Isn’t that a truth?  No matter who we are, we do apparently need to have at least a modicum of “our own stuff” to begin to relax in a new-to-us space.

We never do completely outgrow our Inner Linus.  (And, no, you cannot persuade me to let go of my blankie.  Just…NO.)

SPIELZEUG = THE SENSE OF HUMAN CONNECTION TO STUFF

I keep tripping over a weird-to-me German word, “spielzeug.”  I may be wrong, but I think the thing is pronounced, “sch-PEEL-zoyg.”  The word itself means “toy” or “plaything.” It literally translates as “play piece.”

Underneath that everyday meaning is one that points to a palpable, peculiar, unarticulated and elusive quality of an object (either man-made or natural) that feels “right” for reasons you can’t explain.  Places and people can have the same quality as well.

When you meet that particular “rightness,” you feel well and right and good. The world feels well and right and good.  That rightness lifts you up and opens you up to another level of energy that you can use when you do your walk.

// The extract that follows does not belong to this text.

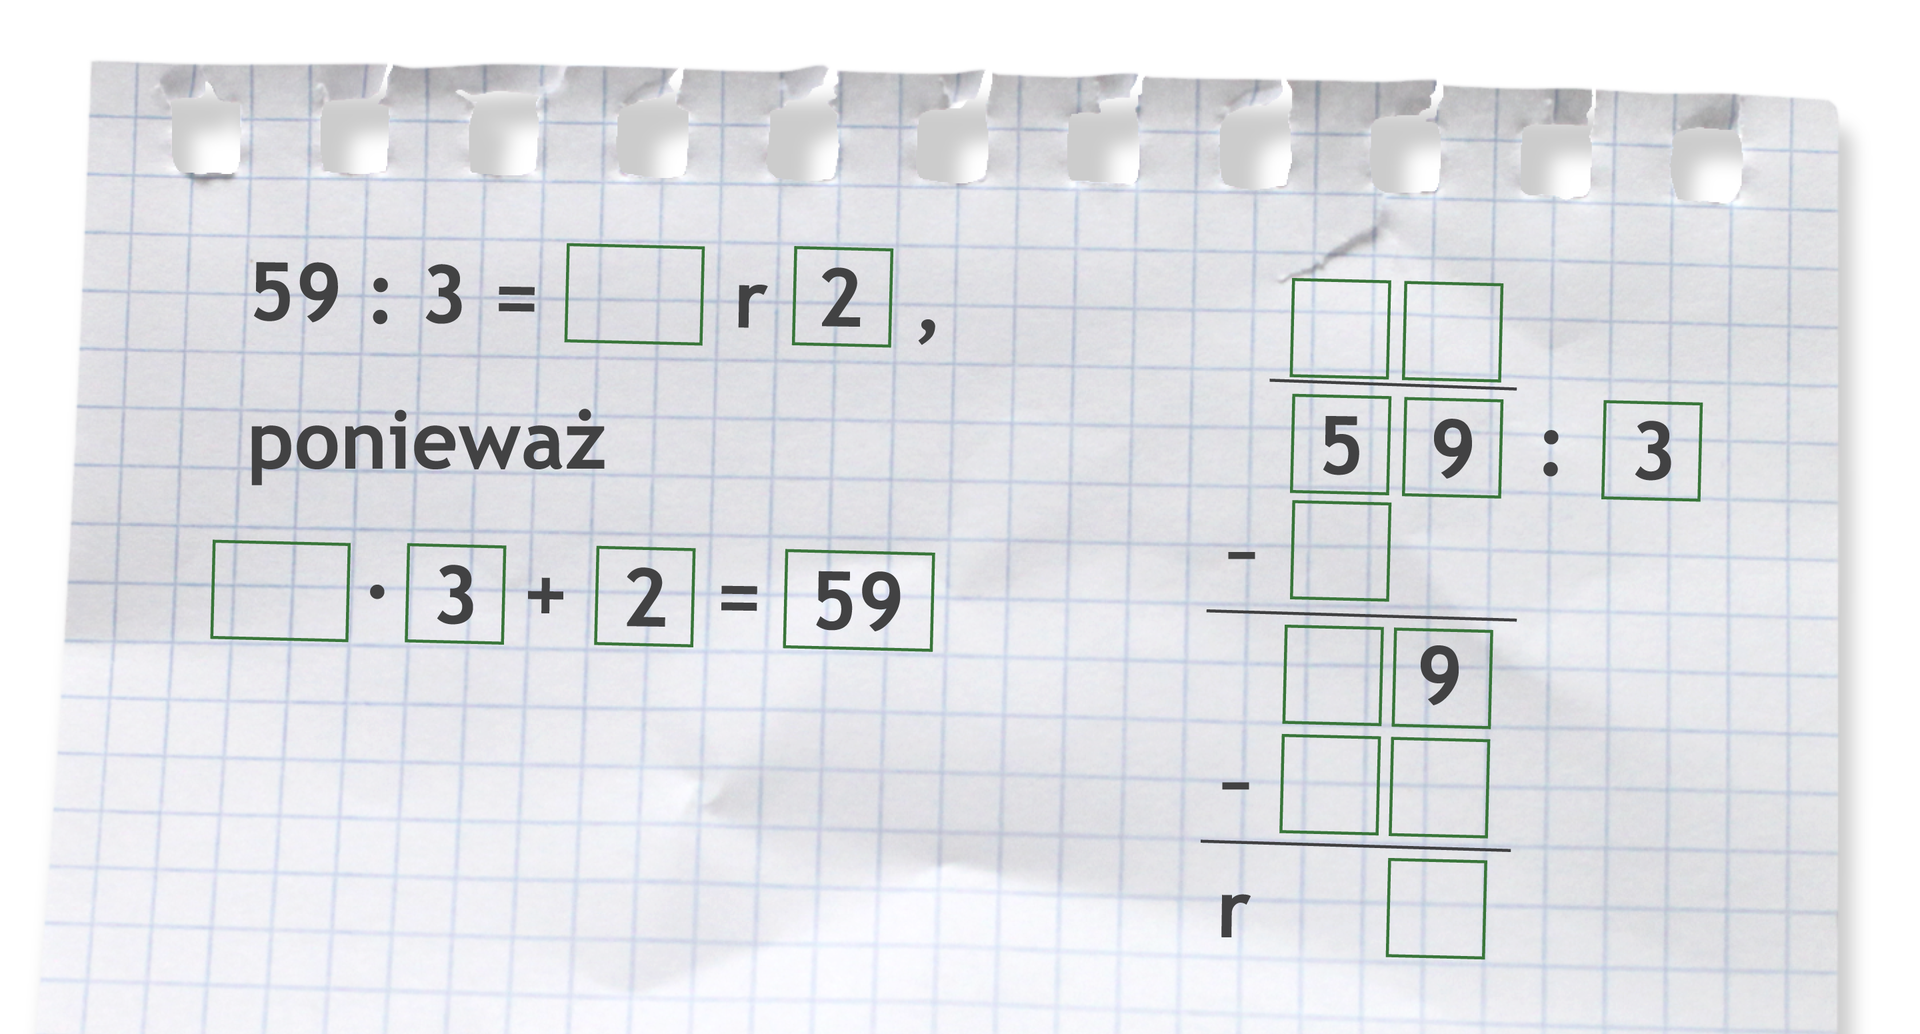 Miejsce do wykonania dzielenia: 59 dzielone przez 3.

Think about some of your favorite things.  Here are five of mine:

  • There’s that mug that pleases my eye and fits well in my hand and holds just the right amount of coffee to help me start my day well.
  • There’s that bit of artwork that makes me smile whenever I see it because it was lovingly made just for me by an old friend who is gone now. It was the inspiration for a whole new kind of making that led me to other good adventures.
  • There’s the little baby teddy-bear, long-abandoned by one of my grown babies, peeking out at me from its place on a shelf — a reminder of a lifetime of special joys and sorrows.
  • The mondo stash of crafting and art supplies and equipment sits, waiting for my next foray into “little-god” world, where I get to let out my Inner Maker.
  • And then there’s the ever-changing library of books by authors whose minds and hearts resonate with mine that I can revisit whenever I like.

You probably have your own favorites that help make your own life feel richer.  They probably could be labeled as “spielzug” too.

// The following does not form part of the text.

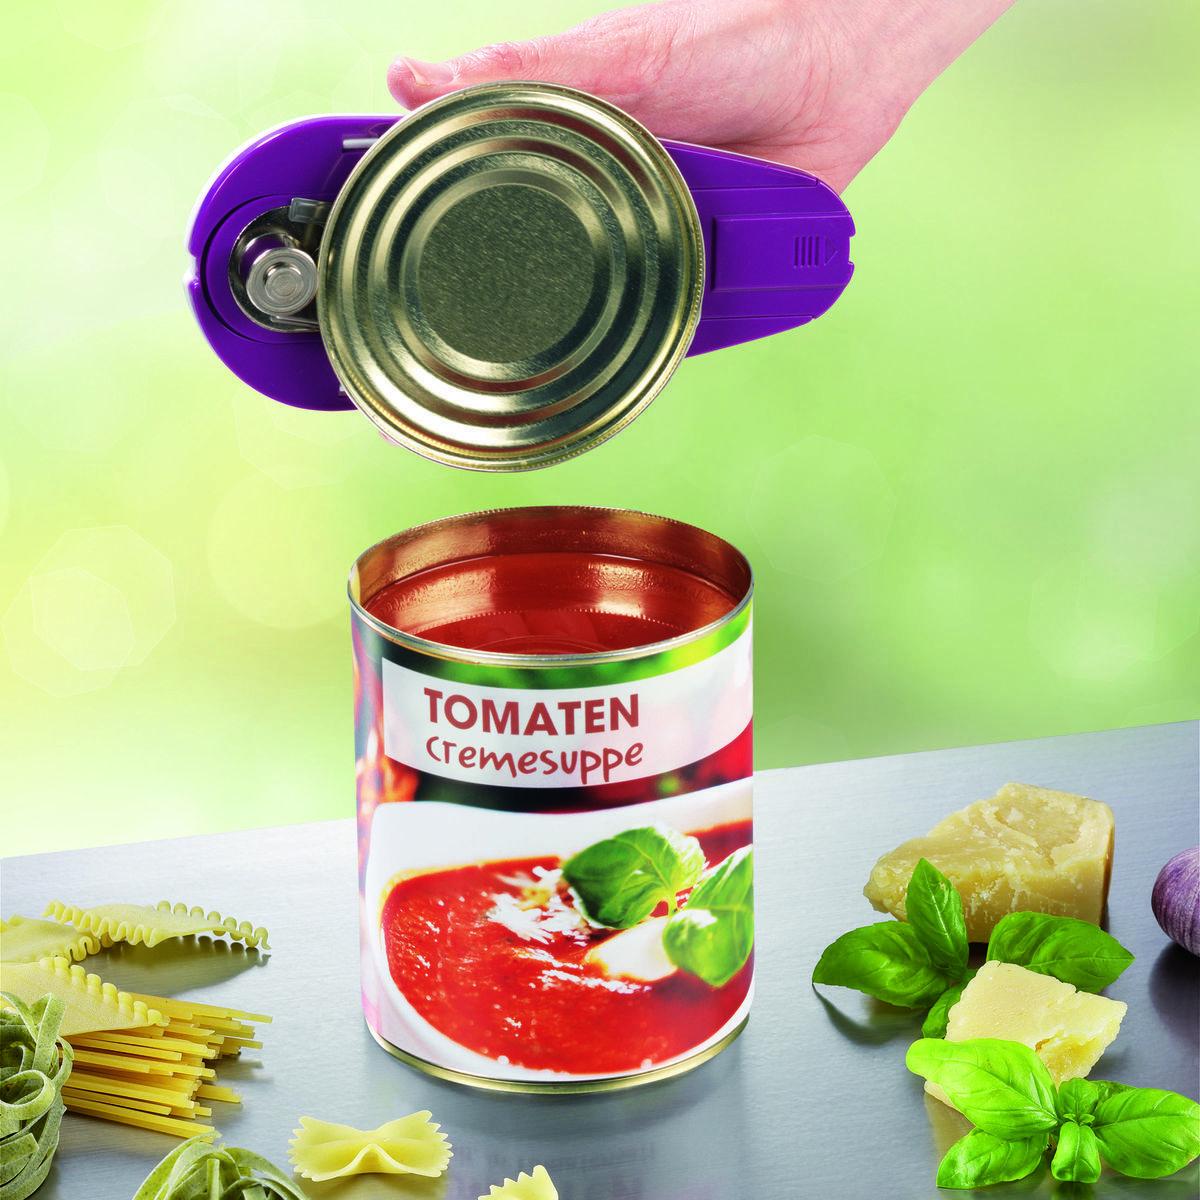 Bild 4 von Gourmetmaxx Vollautomatischer Dosenöffner, weiß/lila

They are the things to which you feel a connection, the things that you can, maybe, love.

real-monkey
“When a child loves you for a long, long time, not just to play with but REALLY loves you, then you become Real” by Jan via Flickr [CC BY-2.0]

THE LOVE OF STUFF….

Okay.  I get it.  It’s probably not politically correct or something to confess that one “loves” things or even that things do matter – a lot, sometimes.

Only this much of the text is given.